Dreaming of life on the Mediterranean, but can't get there?
Bringing the cross-cultural experience of flamenco fusion music to Ketchum, the Sun Valley Center for the Arts will present a concert with Sam Lardner and Barcelona on Friday, Oct. 29, at 6:30 p.m. at the nexStage Theatre in Ketchum. Individual tickets for Sam Lardner and Barcelona are $20 for Sun Valley Center for the Arts members and $30 for non-members. Sam Lardner and Barcelona will be the first concert in the Sun Valley Center for the Arts' 2010--11 Performing Arts Series.
Lardner and Barcelona will play and sing original music heavily influenced by Lardner's life while living in Barcelona, Spain. A former language teacher and a longtime resident of that city, Lardner has regularly performed at folk and world music festivals. For this tour and performance, Lardner will perform with Spanish Top-40 recording artist Pedro Hermosilla, Spanish keyboard and synthesizer virtuoso Marcel Botella and American world music artist Annie Wenz.

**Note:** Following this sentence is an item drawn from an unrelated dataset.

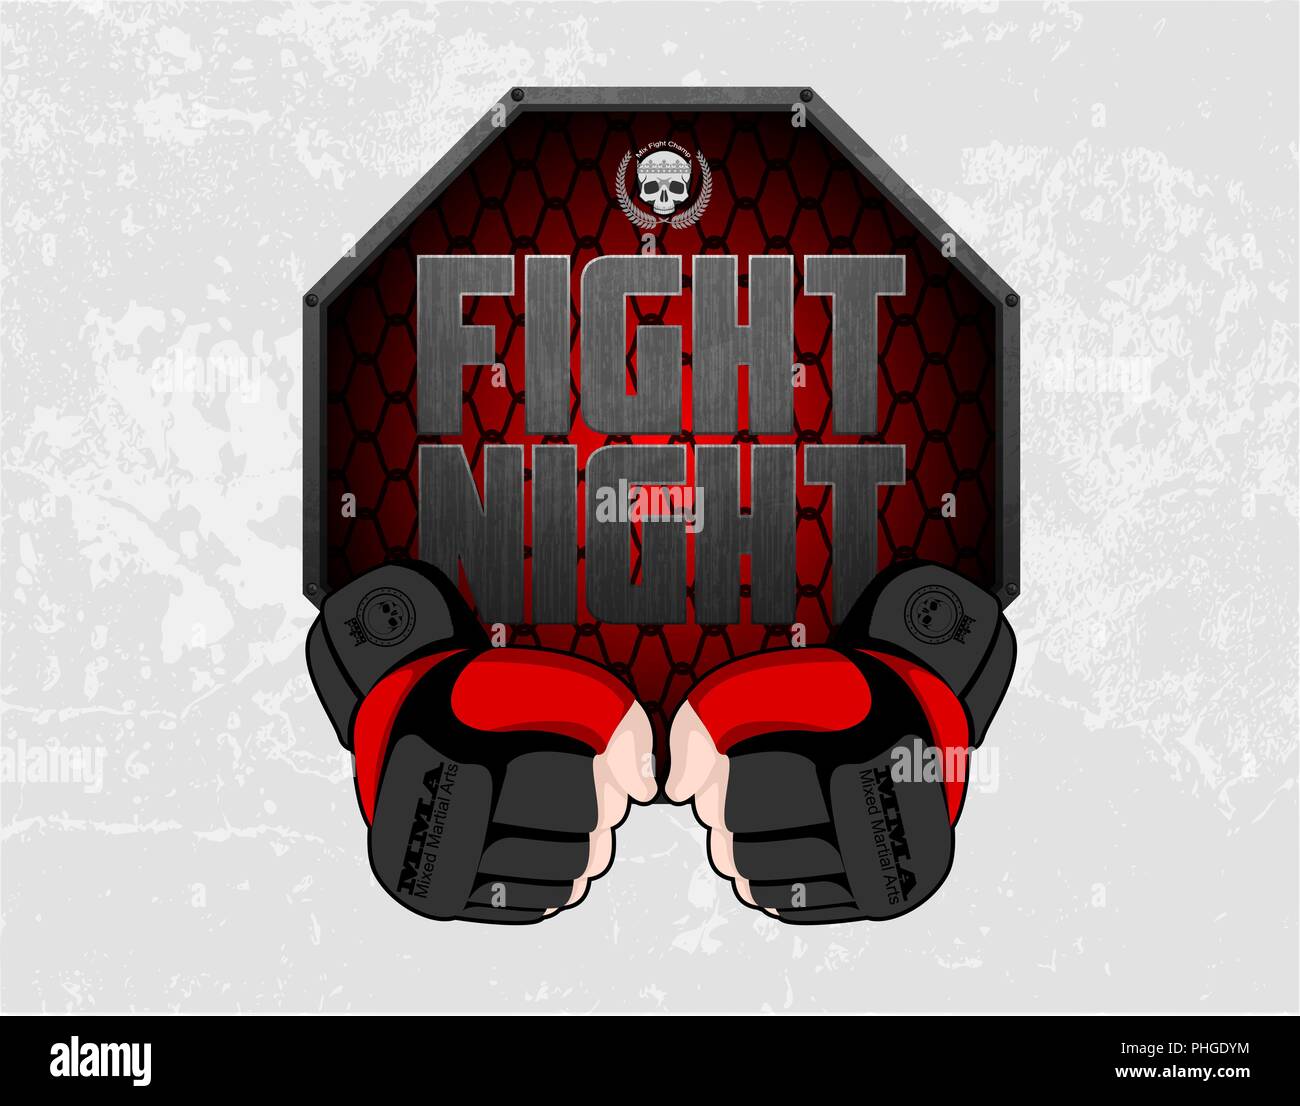 MMA gloves hands octagon stage cage poster. Mixed martial arts fight night banner. Fighting emblem logo element. Boxing decoration illustration Stock Vector

A seasoned performer in the American folk and acoustic tradition, Lardner has performed throughout the United States as a solo act and for the past seven years has performed with his band across Europe. One reviewer of "Barcelona," Lardner's fifth CD, called it a musical celebration of life and love in the Mediterranean.
Lardner and his band have been headliner performers for the well-known Kerrville Folk Festival in Texas as well as International Spotlight Artist performances at the Falcon Ridge Folk Festival in upstate New York.
Music lovers of all ages will enjoy the concert, and The Center's Junior Patrons Circle will extend a special invitation to younger adults to attend. In addition to the evening concert, Lardner will visit local schools as part of his "Oceans Are Talking" project, a musical call to action to get kids excited about saving the seas.
Before beginning his music career, Lardner was a teacher of Russian and Spanish at the Hotchkiss School in Lakeville, Conn. After teaching, Lardner spent a year in Moscow, from 1992 to 1993, during Russia's transition to the current free-market system.
He worked on a small team for the World Bank's International Finance Committee that conducted the first large-scale auctions of state-run companies in Volgograd, Nizhniy Novgorod and Moscow. During that year, Lardner honed his skills as an intercultural communicator and intermediary and was named head of capital markets of all Russian provinces before deciding that he had a calling to play music.
Lardner returned to the U.S. in 1993 and immediately produced his first CD, "Go Long." He began touring on the New England folk circuit as an opening act and, soon, as a headliner. He composed and produced two more CDs, "Still Planet Earth" and "Honest Sam," in the U.S. before moving to Barcelona with his wife, Katherine, in 1997.
In 2002, Lardner released "The Sutton Club" to commemorate his tour through Europe's finest honky-tonks and festivals. In 2006, Lardner paid homage to Barcelona's rich musical heritage as well as to some of its most prominent musical personalities. He released "Barcelona" that year and has been riding the wave of enthusiastic acceptance of his very personal brand of flamenco fusion ever since.
All of these experiences have come together with the "Oceans Are Talking" project in 2010, which was inspired by friend Ann Luskey. Luskey is a veteran activist for ocean-related issues in Washington, D.C. She and Lardner produced a 14-song CD dedicated to saving the world's ocean environments and the creatures that live there.